Ms. Soetoro-Ng, who earned a Ph.D. in comparative education and
works as a teacher, remembers conversations with her mother about
philosophy or politics, books, esoteric Indonesian woodworking motifs.
One Christmas in Indonesia, Ms. Soetoro found a scrawny tree and
decorated it with red and green chili peppers and popcorn balls.
“She gave us a very broad understanding of the world,” her daughter
said. “She hated bigotry. She was very determined to be remembered for
a life of service and thought that service was really the true measure
of a life.” Many of her friends see her legacy in Mr. Obama — in his
self-assurance and drive, his boundary bridging, even his apparent
comfort with strong women. Some say she changed them, too.
“I feel she taught me how to live,” said Ms. Nayar, who was in her
20s when she met Ms. Soetoro at Women’s World Banking. “She was not
particularly concerned about what society would say about working
women, single women, women marrying outside their culture, women who
were fearless and who dreamed big.”
The Final Months
After her diagnosis, Ms.
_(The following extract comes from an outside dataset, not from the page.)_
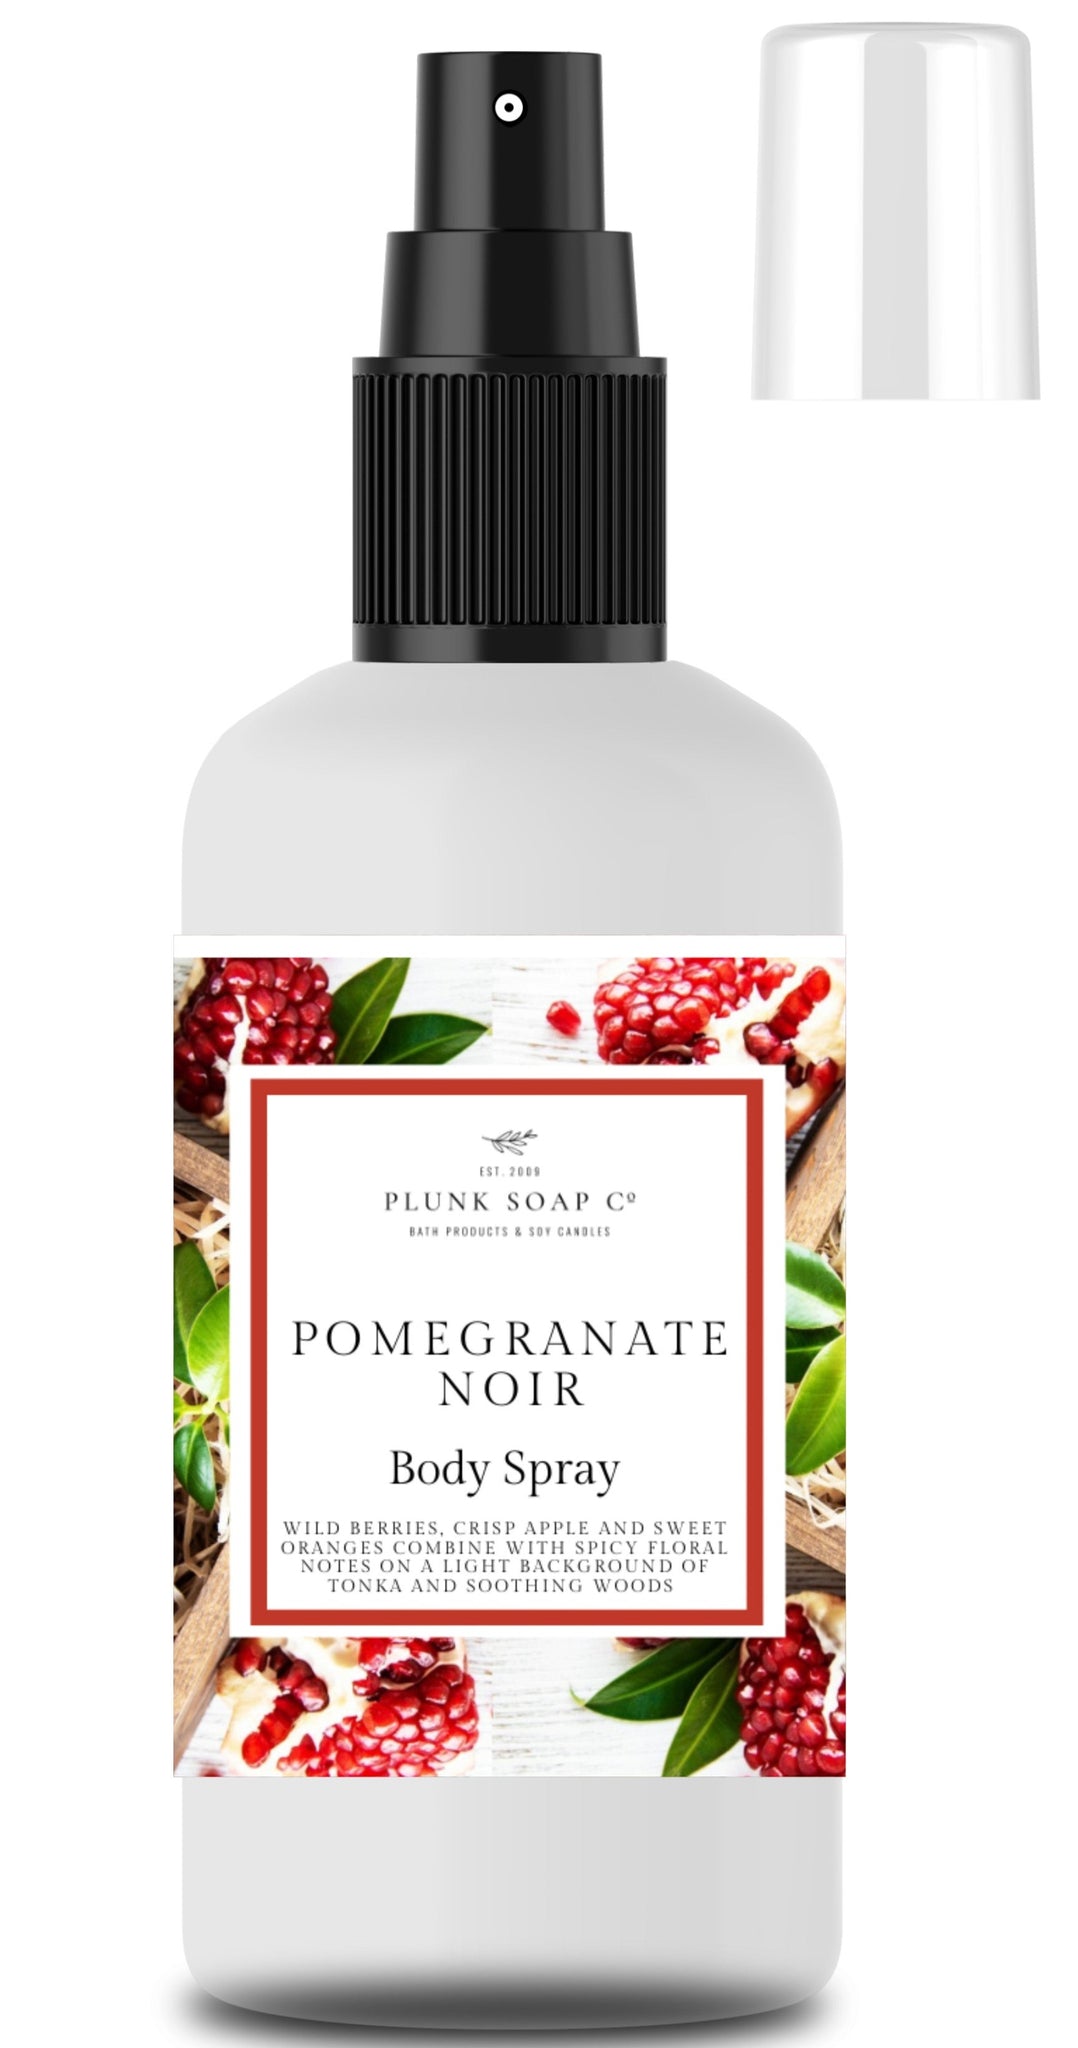 Pomegranate Noir Body Spray

Soetoro spent the last months of her life
in Hawaii, near her mother. (Her father had died.) Mr. Obama has
recalled talking with her in her hospital bed about her fears of ending
up broke. She was not ready to die, he has said. Even so, she helped
him and Maya “push on with our lives, despite our dread, our denials,
our sudden constrictions of the heart.”
She died in November 1995, as Mr. Obama was starting his first
campaign for public office. After a memorial service at the University
of Hawaii, one friend said, a small group of friends drove to the South
Shore in Oahu. With the wind whipping the waves onto the rocks, Mr.
Obama and Ms. Soetoro-Ng placed their mother’s ashes in the Pacific,
sending them off in the direction of Indonesia.
This article has been revised to reflect the following correction:
Correction: March 19, 2008
An article on Friday about Senator Barack Obama’s
mother misidentified the profession of his half-sister, Maya
Soetoro-Ng. She has a Ph.D. in comparative education and works as a
teacher; she is not an anthropologist.